MŚ w siatkówce. Bez niespodzianki w pierwszym meczu we …

Mistrzostwa we Wrocławiu zaczęły się derbami Ameryki Łacińskiej - Argentyna grała z Wenezuelą. Faworyt był jeden. Podopieczni Julio Velasco.tylko w pierwszym secie pozwolili rywalom na wyrównaną grę. Przez pewien czas przegrywali, ale w końcówce zachowali więcej zimnej krwi i wygrali do 23. Kolejne dwie partie prowadzili od początku do końca. Jedynym, który dorównywał albi-celestes po drugiej stronie siatki był Kervin Pinerua. Niezwykle dynamiczny atakujący zdobył aż 17 punktów, ale w sukurs nie przyszli mu koledzy.

Argentyna w wyjściowej szóstce zagrała bez swojego lidera na rozegraniu Luciano De Cecco, który wchodził tylko na zmany.

MŚ w siatkówce. Grupa A

Wenezuela - Argentyna 0:3 (23:25, 17:25, 19:25)

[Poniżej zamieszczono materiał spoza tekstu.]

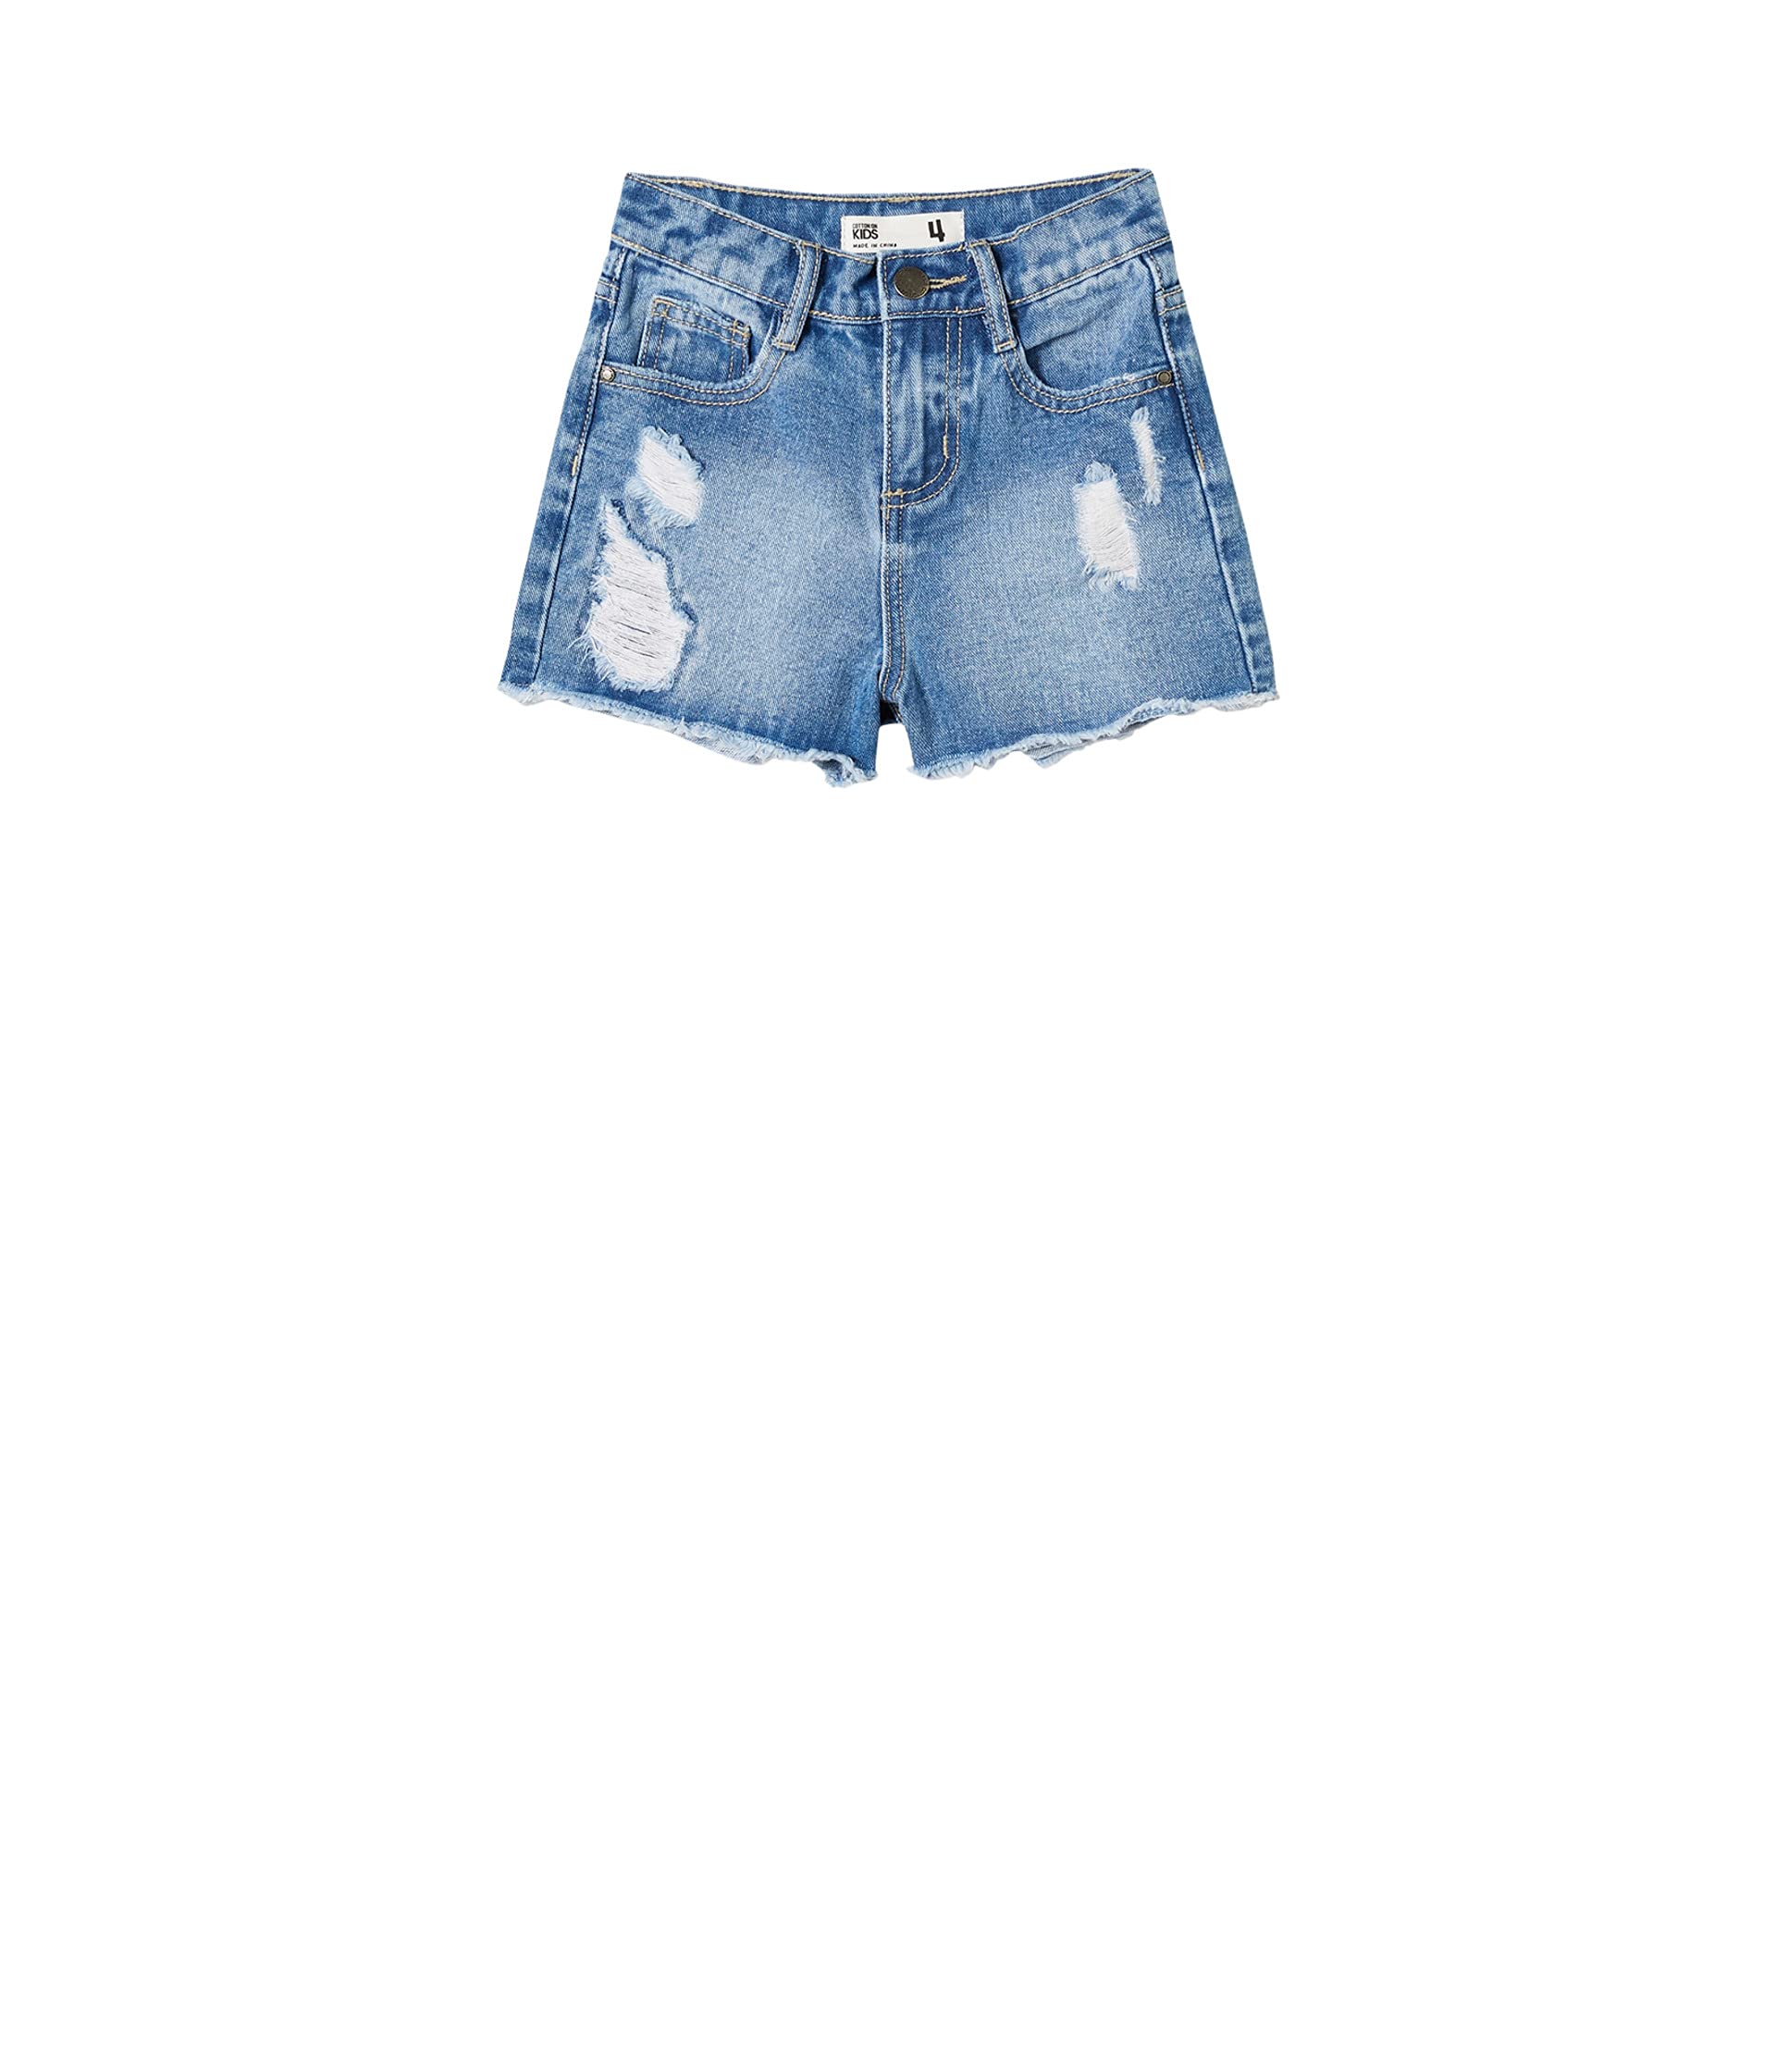 Шорты COTTON ON, Sunny Denim Shorts джинсовые шорты sunny cotton on цвет weekend wash rips

Wenezuela: Salerno, Carrasco, Pinerua 17, Contrares 4, Chourio 6, Cedeno 6, Mata (libero) oraz Paez, Gomez i Montoya 5

Argentyna: Filardi 5, Uriarte 4, Conte 15, Gonzalez 11, Sole 8, Crer 8, Closter (libero) oraz Darraidou 1, Quiroga 1, De Cecco, Ramos 2 i Toro.